Department of Pathogen Biology, School of Public Health and Tropical Medicine, Southern Medical University, Guangzhou 510515, Guangdong Province, China.
To investigate if there is an association between hepatitis B virus (HBV) or hepatitis C virus (HCV) infection and the risk of pancreatic cancer.
All relevant studies published before 11 October, 2012 were identified by a systematic search of MEDLINE, EMBASE, BIOSIS Previews and the Cochrane Library databases and with cross-referencing. The observational studies that reported RR or OR estimates with 95%CIs for the association between HBV or HCV and pancreatic cancer were included. A random-effects model was used to summarize meta-analytic estimates. The Newcastle-Ottawa quality assessment scale was applied to assess the quality of the methodology in the included studies.
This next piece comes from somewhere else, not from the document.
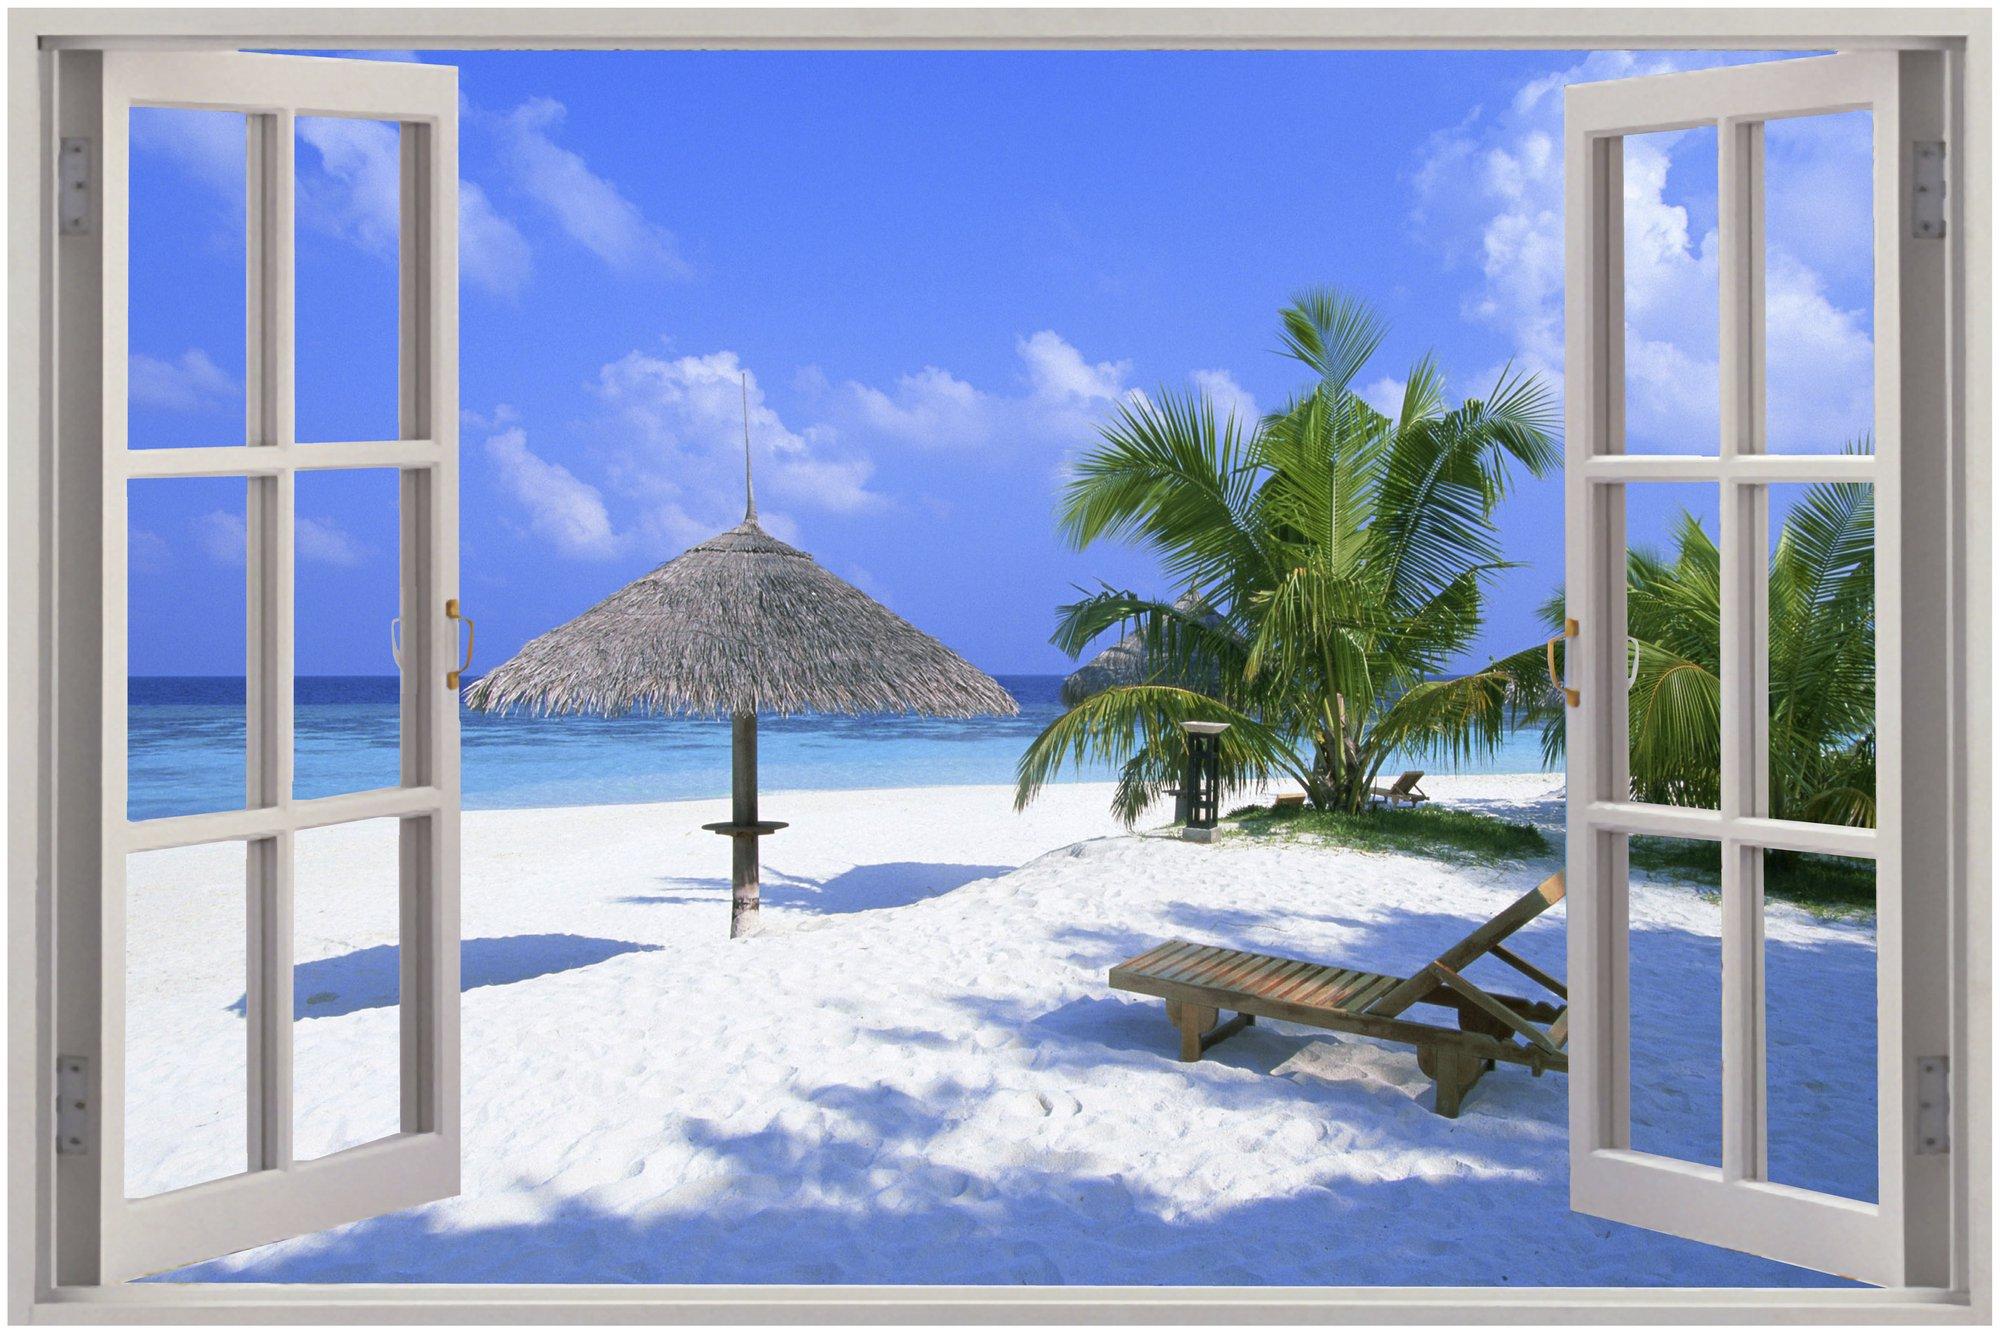 Window Exotic Beach View Wall Stickers Film Mural Art Decal Wallpaper 2000x1333

A total of 8 eligible studies were selected for meta-analysis. Overall, chronic hepatitis B and inactive hepatitis B surface antigen (HBsAg) carrier state (HBsAg positive) had a significantly increased risk of pancreatic cancer with OR of 1.20 (95%CI: 1.01-1.39), especially in the Chinese population (OR = 1.30, 95%CI: 1.05-1.56). Past exposure to HBV (possible occult HBV infection) had an increased OR of pancreatic cancer risk (OR = 1.24, 95%CI: 1.05-1.42), especially among those patients without natural immunity [anti hepatitis B core (HBc) positive/hepatitis B surface antibody (anti HBs) negative], with OR of 1.67 (95%CI: 1.13-2.22). However, past exposure to HBV with natural immunity (anti-HBc positive/anti-HBs positive) had no association with pancreatic cancer development, with OR 0.98 (95%CI: 0.80-1.16), nor did the HBV active replication (hepatitis B e antigen positive status), with OR 0.98 (95%CI: 0.27-1.68). The risk of pancreatic cancer among anti-HBs positive patients was significantly lower than among anti-HBs negative patients (OR = 0.54, 95%CI: 0.46-0.62). Past exposure to HCV also resulted in an increased risk of pancreatic cancer (OR = 1.26, 95%CI: 1.03-1.50). Significant between-study heterogeneity was observed. Evidence of publication bias for HBV/HCV infection-pancreatic cancer association was not found.
Chronic HBV and HCV infection increases pancreatic cancer risk. Our findings underscore the need for more studies to confirm this potential relationship.